The 2000 ICSI/IHI Colloquium on Clinical Quality Improvement: "Cultivating Quality--Growing and Nurturing Clinical Quality Improvement in Health Care".
- PubMed: 10983296
BACKGROUND: Almost 300 people attended the 2000 ICSI/IHI Colloquium on Clinical Quality Improvement, "Cultivating Quality-Growing and Nurturing Clinical Quality Improvement in Health Care," May 11-12, 2000, in St Paul. Sponsored by the Institute for Clinical Systems Improvement (ICSI) and the Institute for Healthcare Improvement (IHI), the annual event featured three keynote speakers-David M. Lawrence, MD (Kaiser Foundation Health Plan, Inc, and Kaiser Foundation Hospitals, Oakland, Calif): Martin P. Eccles, MD (University of Newcastle-upon-Tyne, England); and Maureen Bisognano (IHI).
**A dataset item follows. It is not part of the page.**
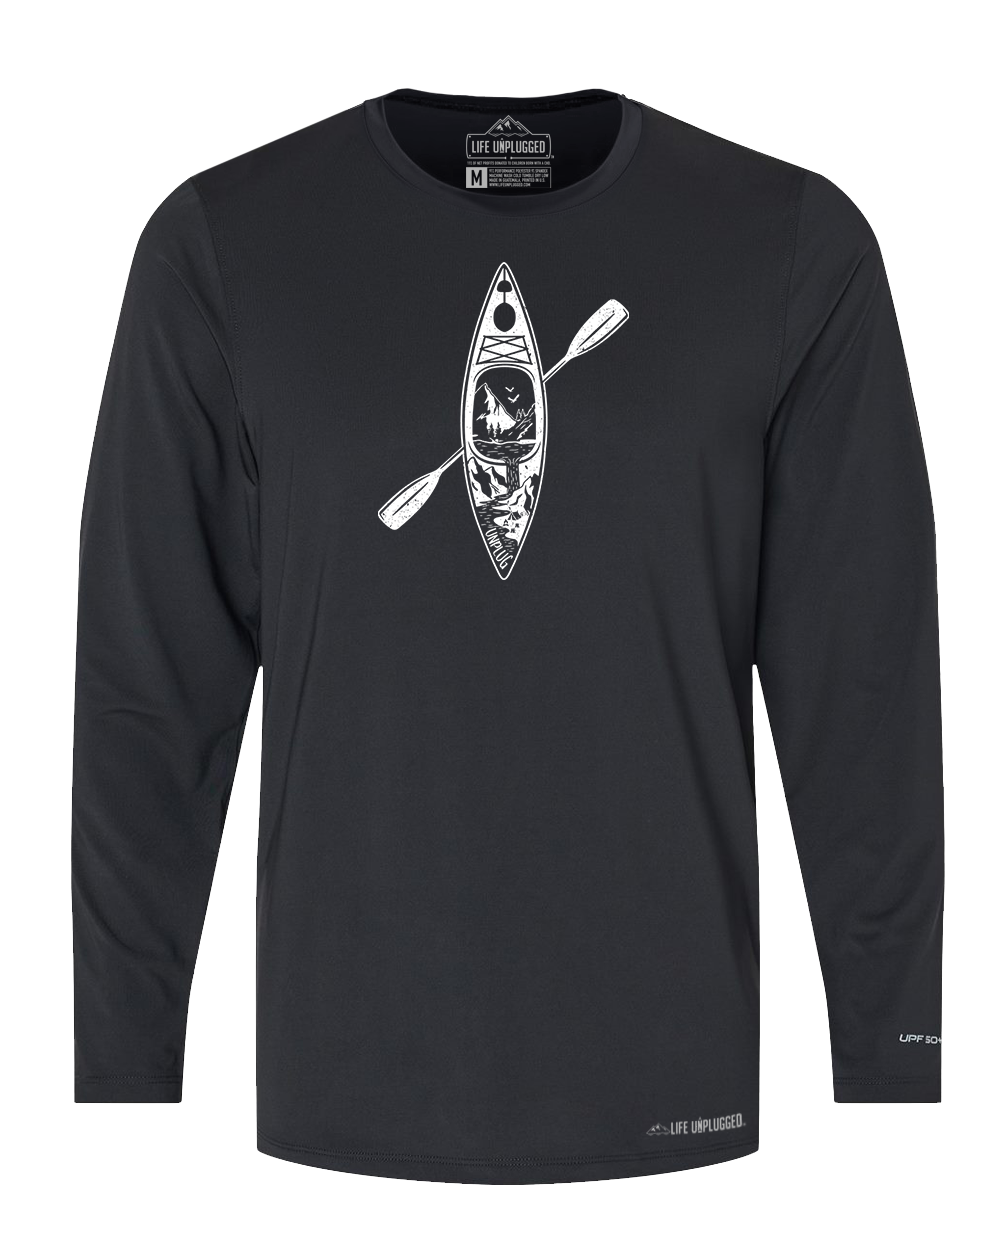 Kayak Fishing Long Sleeve T-shirt, 50+UPF Long Sleeve T-shirt

PATIENT SAFETY AND THE U.S. HEALTH CARE SYSTEM: David M. Lawrence, MD, said medicine is trying to use new technologies and meet consumer expectations with a delivery system-a "chassis"-that was designed for another time and a different science. He also described the four chassis stages in medicine. GETTING EVIDENCE INTO PRACTICE: Martin P. Eccles, MD, presented a researcher's view of the reasons evidence is not used in daily practice, a range of strategies for promoting its use, and the strengths and shortcomings of this evidence base. He discussed three areas of evidence-clinical strategies, behavior change strategies-and systems for delivering these strategies-and how they can be used for implementation of practice changes. INNOVATIONS IN INTERACTION: GETTING CLOSER TO OUR PATIENTS: Maureen Bisognano outlined three methods that should be in every health care provider's improvement portfolio: reducing the defects a patient experiences, eliminating costs, and pursuing innovation. Focusing on defects and waste reduction will free up funds for innovation. It is the responsibility of leaders to push for innovation on behalf of patients, or patients will take their business elsewhere.